Anyhow. Doesn't matter really, if you even think there might be trouble by gut feeling we gotta slow down. But how do we get that into new riders, and kids in the sport.

Track etiquette isn't innate, it's learned and we need to be teaching.
 
I can understand were this topic could have come from with the recent wreck. I was there, I rode up the face the same time as the guy that landed on Barney. It was probably the worst wreck I have ever witnessed, and it was a long drive home after that. With that said BJ was standing at the bottom right side of the face with another guy on a bike. Now not saying the other guy jumped it intentionally he might not have seen BJ since we were side by side. Not trying to piont fingers, because there is no one to blame. Now Flaggers play an important role but for beans to justify paying someone for 10-20 riders doesn't pencil out. That's where rider etiquette comes in play, as said before I am always looking ahead and remembering I have to work the next day. You have to look at it from a business and safety aspect as well, this isn't a cheap sport from rider to promoter stand point. Just my two cents
 
Regarding flagging. I used to occasionally flag at road races between racing myself. Most roadrace
organizations have pretty rigorous training and rules, even occasional dupes like me had to take the training.
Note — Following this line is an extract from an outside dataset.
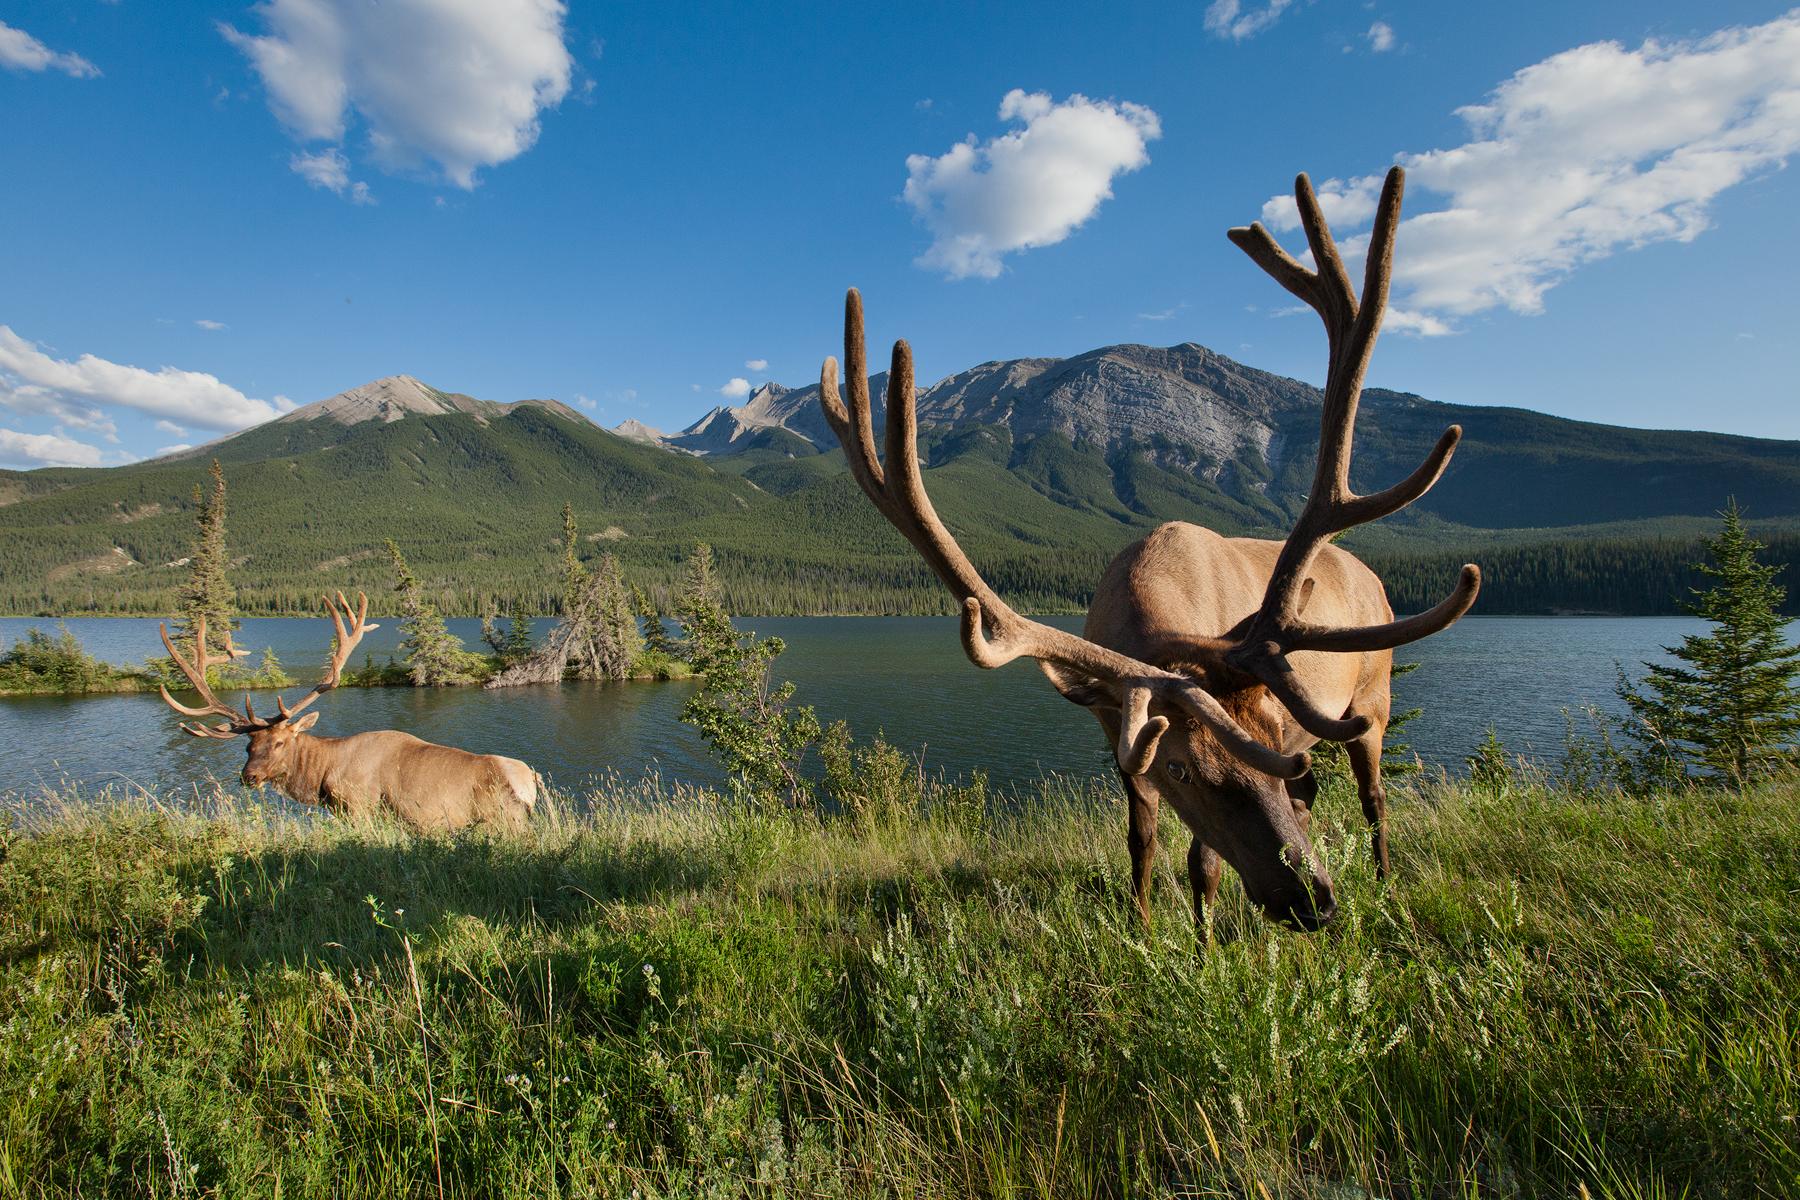 Two bull Rocky Mountain Elk feed along Talbot Lake in Jasper National Park, Canada.  Image ©Connor Stefanison

We were taught we had three jobs, to be completed in order:
1. Protect yourself. An injured flagger is worse than no flagger at all
2. Protect the rider. Seems obvious and what we all want a flagger to be doing.
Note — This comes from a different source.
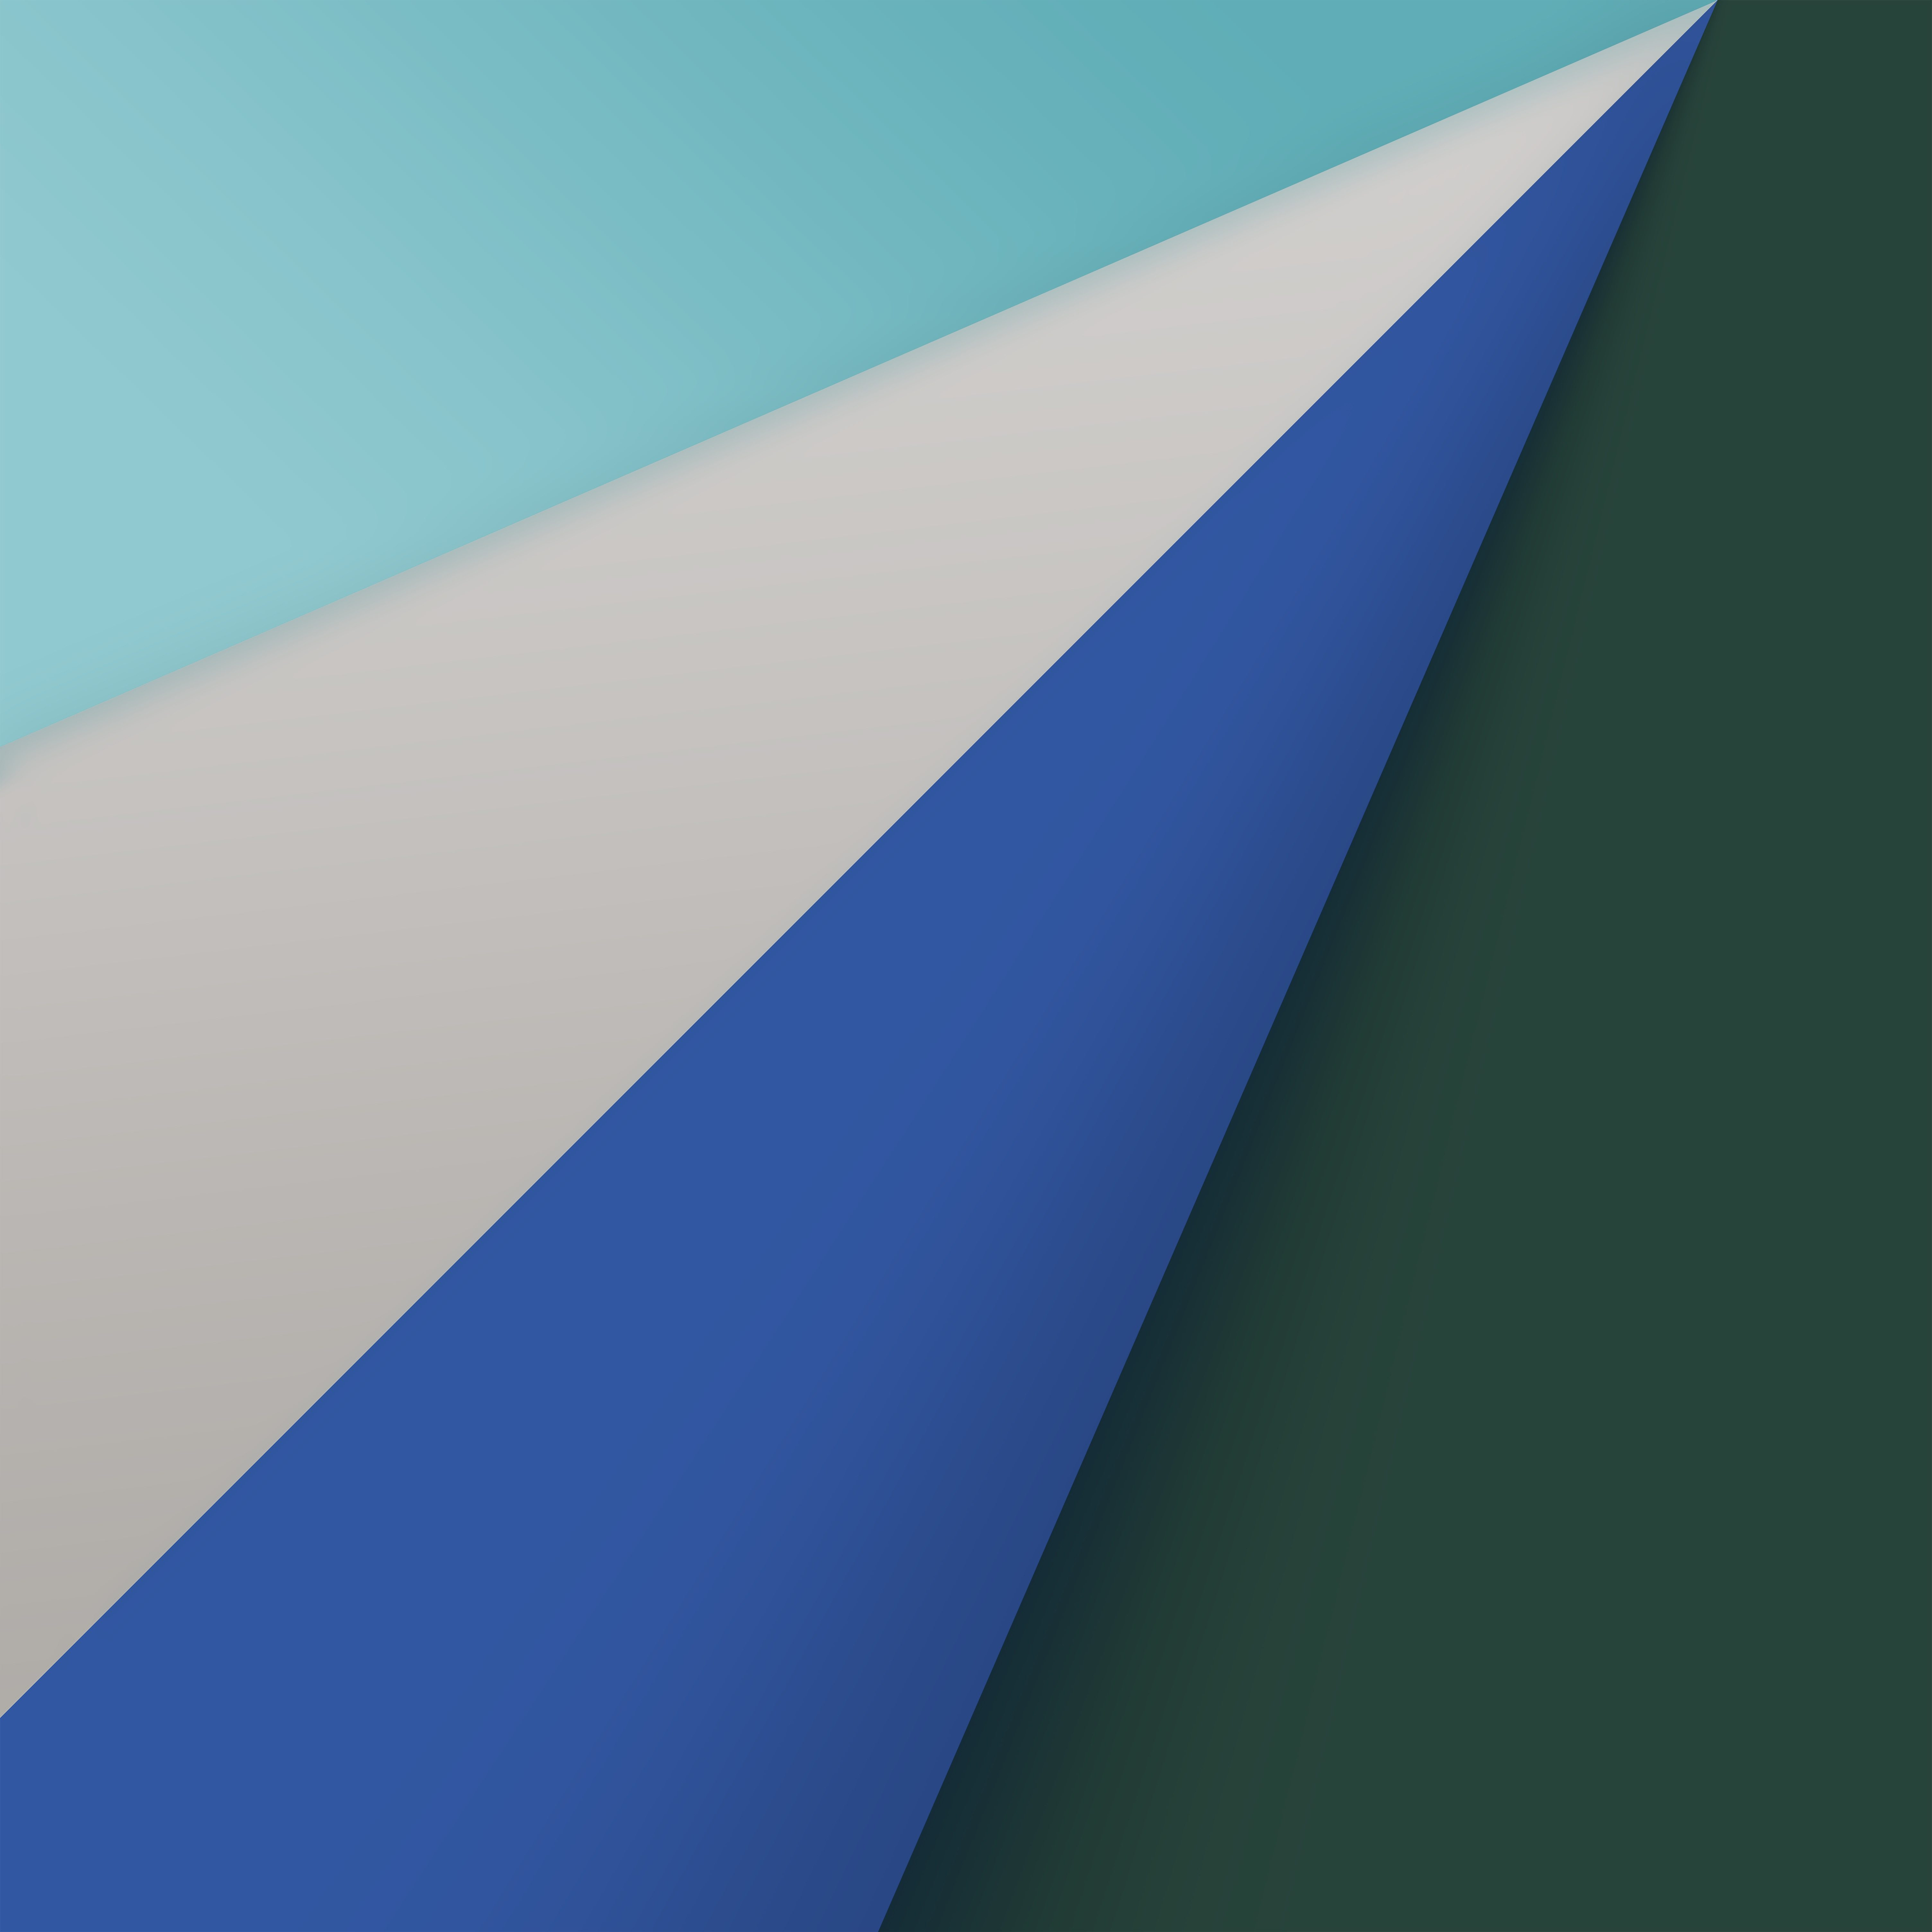 Safari Wallpaper AR72014 iDownloadBlog iPad Desktop Blue

3. Clean up the bikes/parts/track. As possible only.

Georgie's idea about following up and figuring out what happened, why, and how to maybe prevent
it from happening again should be a requirement also.
 
My pops use to at briarcliff back in the day, he always flagged the blind jumps. There needs to be flaggers or us as riders need to step up and stop riding and flag when we come upon a downed rider, common courtesy
 
Interesting how you guys volunteer to flag. Next time my order is taking to long at Wendy's I am going to hop the counter and help out on the fry-o-later. Cause you know. They need help.
If you are paying $25 for an open practice there better be flaggers. It's a business if they want to open to the public then they need to provide staff for your protection. If not, leave and go to another trAck that does.
Merry Christmas
 
Dirtworld always paid a guy to sit on the big double. Perfect spot. Centrally located and he could see the whole track.